Tiene los músculos muy desarrollados para un niño de 17 años, lo que da fe de su pasado reciente y de los dos años de entrenamiento físico militar que practicaba asiduamente como miembro de las milicias de la región de Masisi, en el norte de Kivu.

Fikiri se apoya con la mano en la pared mientras relata su historia: "A menudo veía a los militares pasar por nuestra aldea. Llevaban unos uniformes muy bonitos y unas botas estupendas. Un día regresaron a nuestra aldea. Yo les seguí, junto con otros niños. Nos permitieron unirnos a ellos. No dejaban de decirme que me tratarían bien, que me darían buena ropa y que tendría muchas cosas para mí. Al poco tiempo, el jefe de nuestra unidad me eligió como su guardaespaldas. Yo era el responsable de velar por su seguridad y por sus pertenencias. Me gané el respeto de todos los otros soldados. Me dieron un uniforme nuevo muy bonito".

"Pero ¿sabes qué?", prosigue Fikiri, "no era nada fácil, sobre todo por la noche cuando llovía y hacía mucho frío. Ni siquiera podía dejar mi puesto. Si cometía el más mínimo acto de desobediencia me pegaban, me daban al menos diez bastonazos. Comencé a sentirme muy decepcionado: descubrí que la vida no era tan agradable para los que van de uniforme como pensábamos los niños. Al final, ya no podía soportar el modo en que me trataban. Me di cuenta de que lo que había estado experimentado no era la vida de verdad".
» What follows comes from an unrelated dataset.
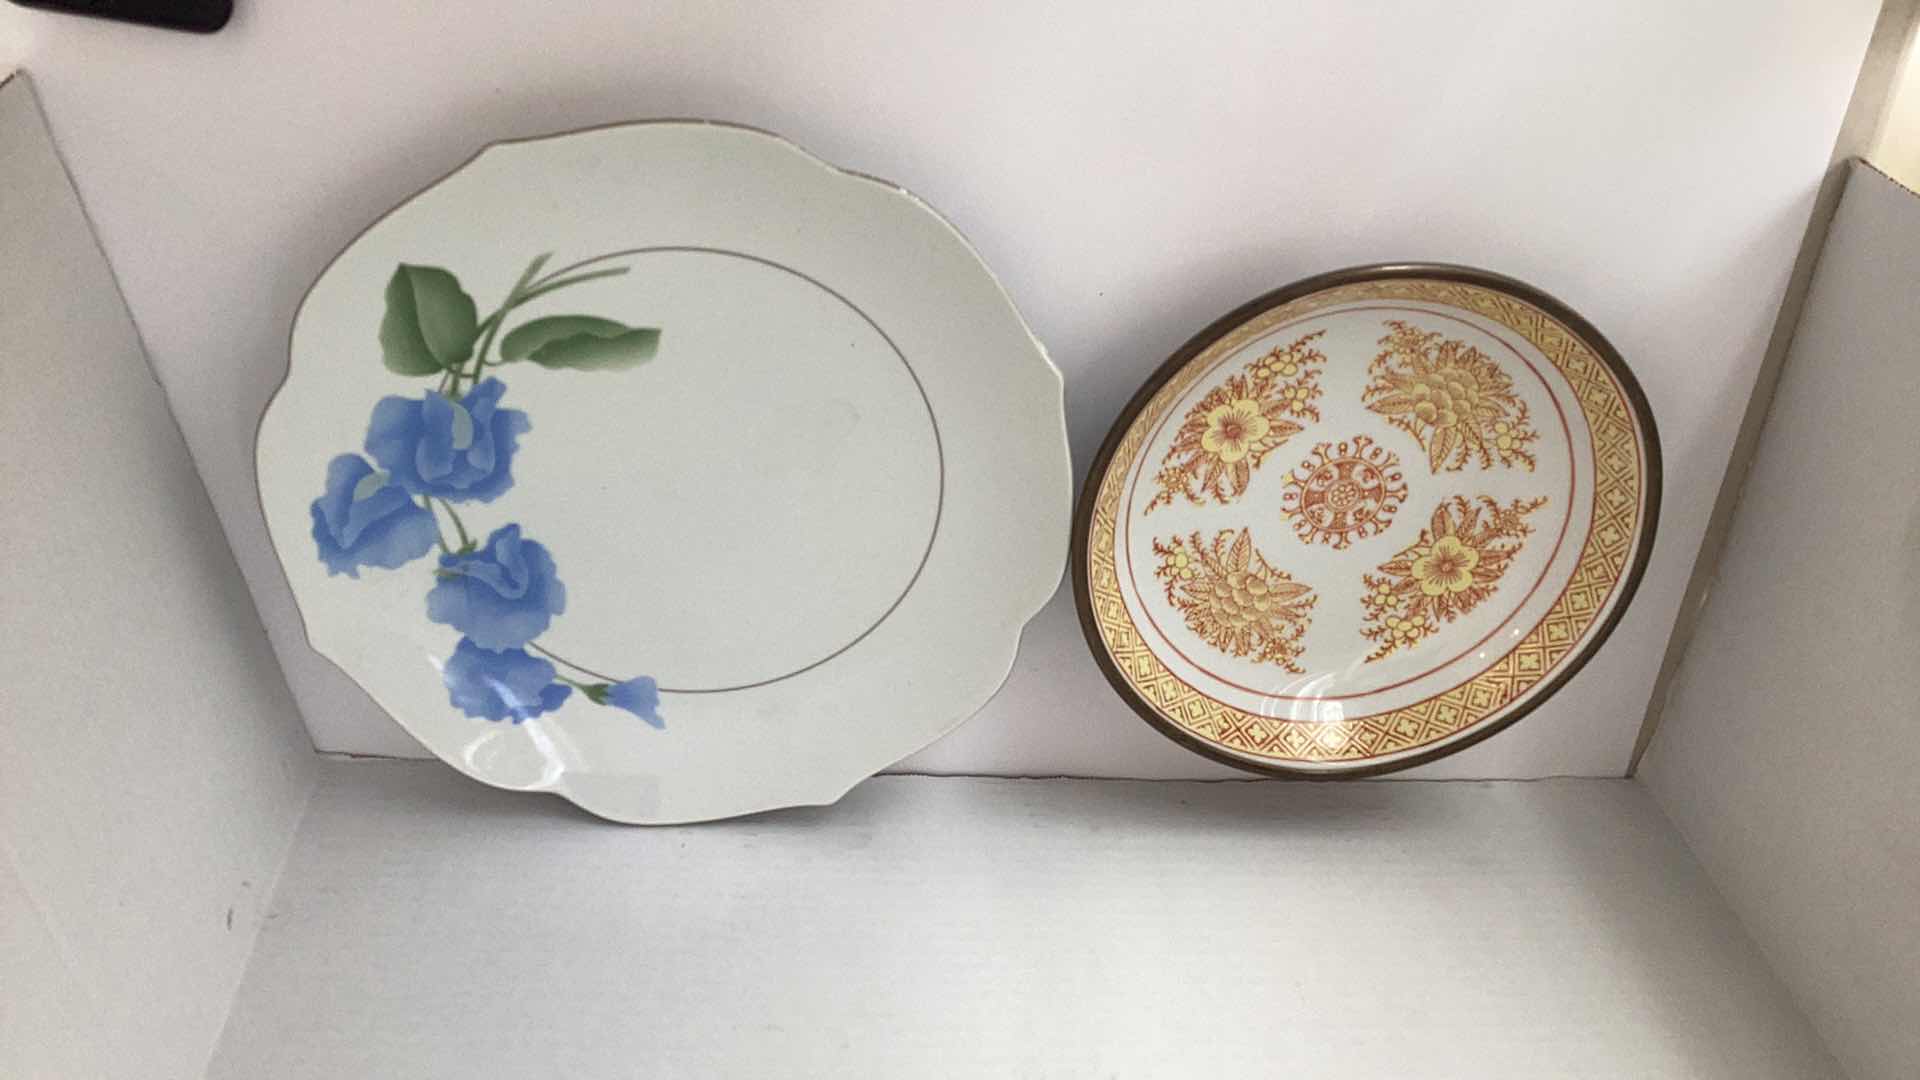 Photo 1 of PAIR OF JAPANESE INSPIRED SERVING PLATES, LARGEST IS 12” WIDE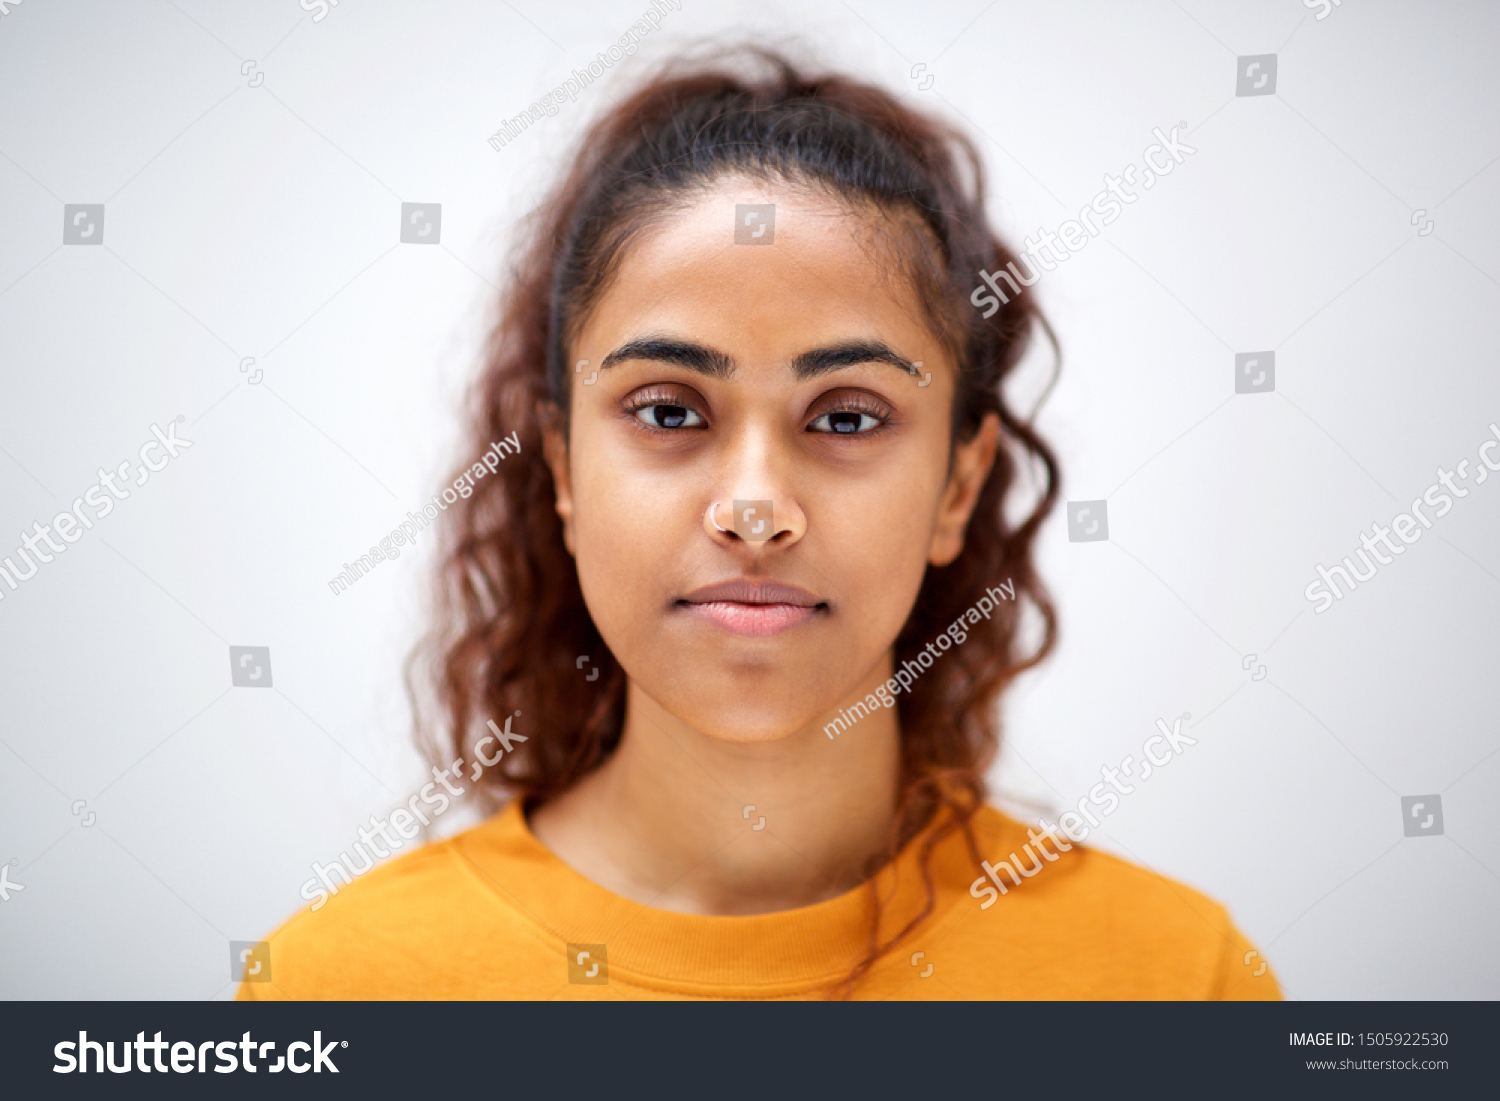 Close up horizontal front portrait of attractive young indian woman with serious expression on face #1505922530

"Cuando sea mayor y me case y tenga hijos no dejaré que se marchen y se afilien a un grupo militar. Tendrán que quedarse conmigo e ir a la escuela", añade.

Tras varios días escondido, Fikiri se escapó y se dirigió al campamento de la Misión de las Naciones Unidas de la República Democrática del Congo. "Me acogieron y me remitieron al Concert d'actions pour jeunes et enfants défavorisés, o CAJED, una organización no gubernamental de ámbito local. En CAJED, a su vez, me remitieron al centro de tránsito y orientación de Goma". Allí, Fikiri se encontró con otros jóvenes que estaban en su misma situación: niños y niñas que habían pertenecido a milicias y grupos armados.

Desde 2002, se calcula que de un total de cerca de 33.000 menores de edad, aproximadamente 29.000 niños y niñas han sido liberados de su filiación a grupos armados gracias a los esfuerzos conjuntos de UNICEF, la Comisión Nacional de desarme, desmovilización, rehabilitación y reintegración, y otros aliados.

El día que ingresó en el centro CAJED de tránsito y orientación, había 76 niños y niñas esperando la reunificación con sus familias. "En condiciones normales", dice Fikiri, "habría permanecido en este centro tres meses, pero llevo ya seis. La situación en el lugar en que vive mi familia aún no es segura para que yo regrese".

"Es cierto que me siento muy feliz de estar en este centro de tránsito. En los seis meses que llevo aquí he aprendido a leer y a escribir, y también a cuidar un huerto". De hecho, Fikiri nos muestra con mucho orgullo su pequeño terruño, en el que comienzan a brotar algunos tomates y repollos.

A pesar de todo, Fikiri se muestra aún bastante preocupado. "Aquí en el centro de tránsito y orientación nos tratan bien. He hecho amigos; comemos, aprendemos y jugamos juntos. También duermo bastante bien, y nos han dado ropa nueva que ponernos. Pero la verdad es que quiero volver a casa. ¡Tengo muchas ganas de ver a mi familia!".

No puede decirse que sea mucho pedir por parte de un niño.